5.3.15

Deuses, Criaturas e Solidão






Deus e criação são o leitmotiv do romance Frankenstein. Desde a sua publicação discute-se quão perigoso pode ser o homem imitar Deus e manipular a vida e a morte por si próprio.


Em "O Mal Estar na Civilização", Freud comentou o fato de o homem ter se tornado um deus por meios de membros artificiais e acessórios magníficos auxiliares da vida; mas ainda ser incapaz de fazer os órgãos originais crescerem novamente; e que tais tentativas não raro o puseram em más situações. No romance de Mary Shelley, Dr. Frankenstein consegue burlar essa limitação ao criar e reviver não apenas um membro, mas todo um novo corpo inteligente. A consequência, apesar de funcional, tem aparência monstruosa e não leva muito tempo até tornar-se a nêmesis do seu criador.


Além da conexão criador-criatura e do ódio derivado pela tal,  Dr. Frankenstein e a criatura dividem um forte sentimento: a solidão. Ela é a causa de todas as ações terríveis e vingativas do monstro e é como ele inflige ao seu criador a maior punição possível: o desespero de ser sozinho, o único de uma espécie. A criatura solitária faz o seu criador se transformar em um deus solitário.


É interessante como a ideia da solidão dos deuses conecta tanto textos ateus quanto textos religiosos. Ao fazer uma breve busca sobre o tema, encontrei um ensaio escrito por um reverendo chamado Noel E. Bordador. Em seu ensaio, ele diz: "Deus, porém, não é o único que é sozinho. Nós também somos criaturas solitárias. No cerne de nossa humanidade está a necessidade de amar apaixonadamente, e a nossa necessidade de ser amado incondicionalmente.".

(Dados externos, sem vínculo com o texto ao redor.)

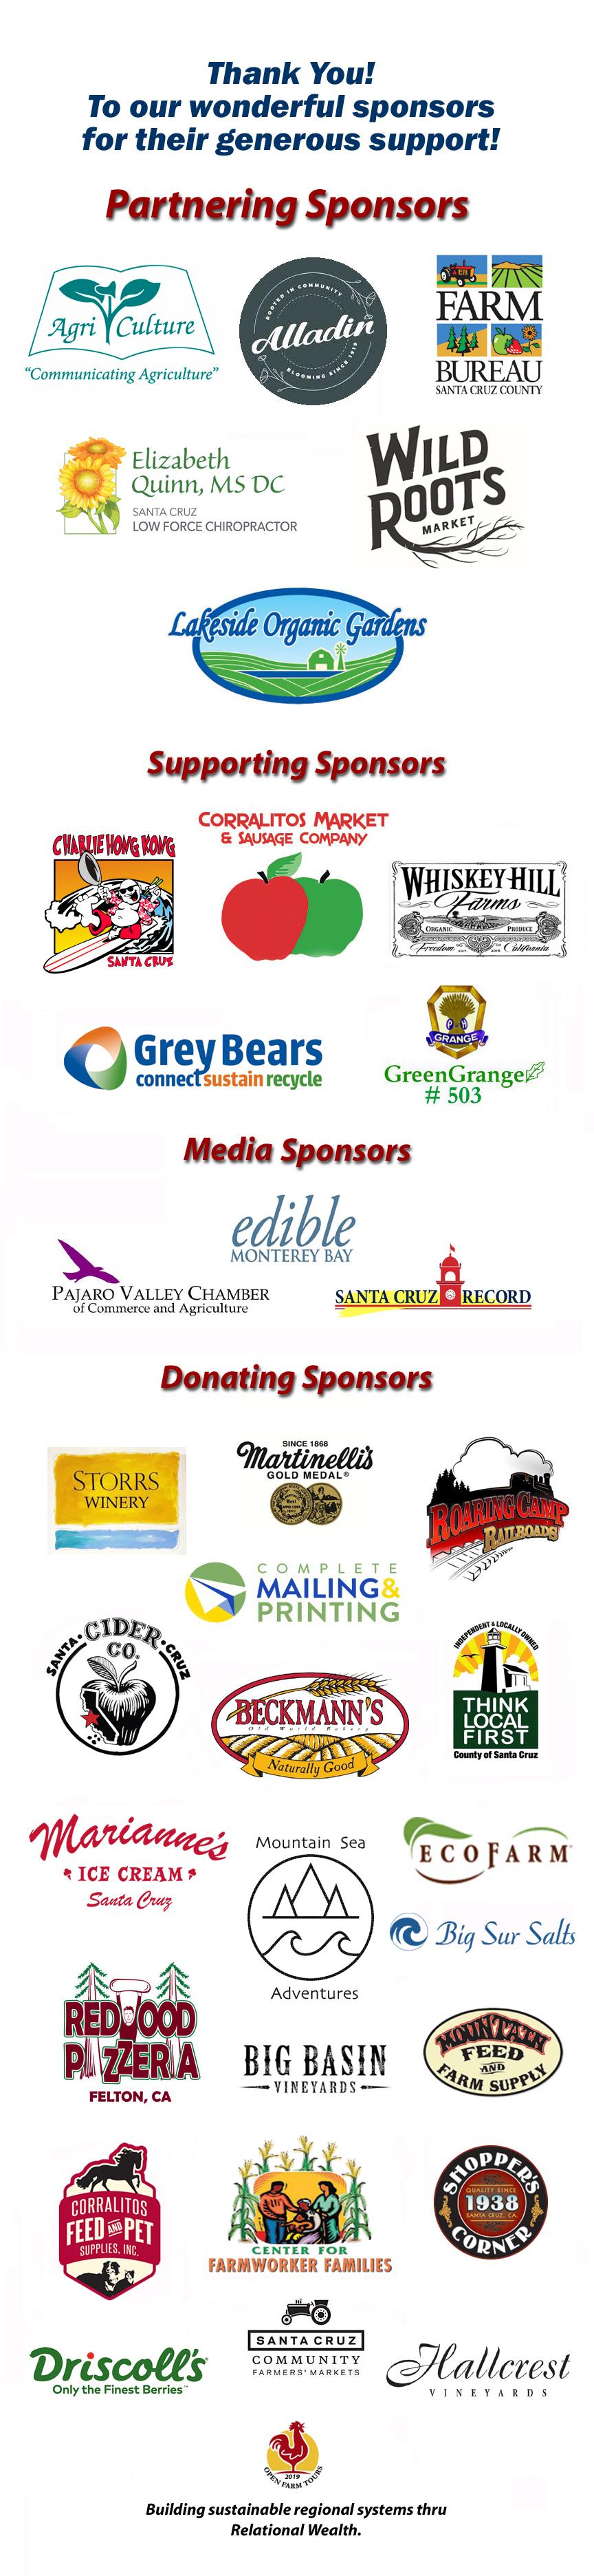 2019 final sponsor web layout copy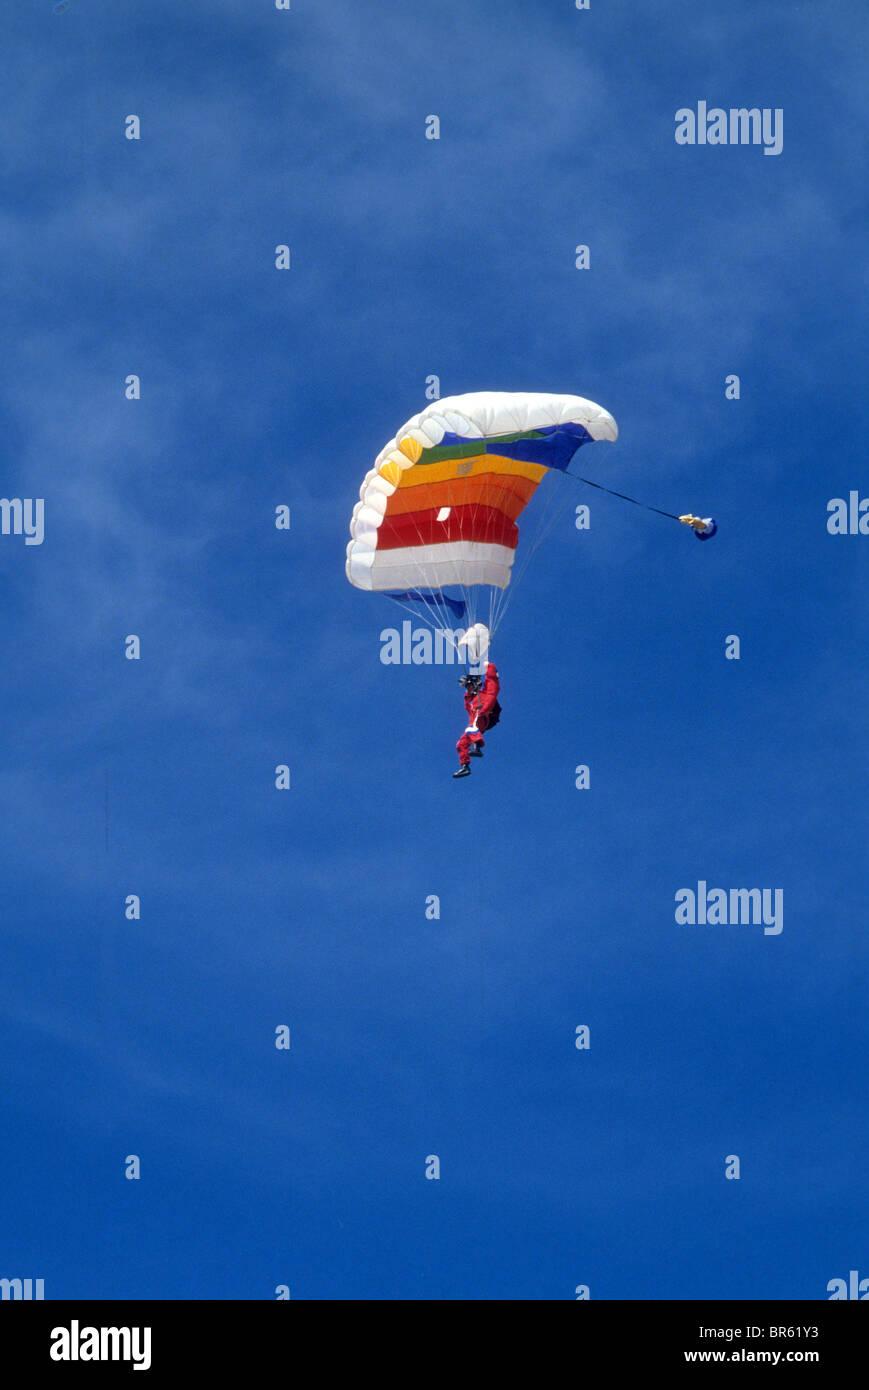 Hang glider hang-glider sport fly parachute wing design

Nós não somos diferentes dos personagens de Mary Shelley. Nós precisamos ser amados e o nosso Criador também clama por ser amado incondicionalmente. Nós somos versões elegantes e civilizadas do monstro: somos compostos por partes dos nossos antecedentes, partes essas organizadas geneticamente de uma forma tão complexa a ponto de não sabermos qual parte veio de qual morto. Nós precisamos encontrar uma versão de nós mesmos para a vida não se tornar tão intolerável. Nós tentamos desesperadamente encontrar o nosso Criador e obter respostas às perguntas que nos fazemos durante toda a vida. A solidão, porém, isola ambos, Criador e criatura, e o romance nunca tem fim.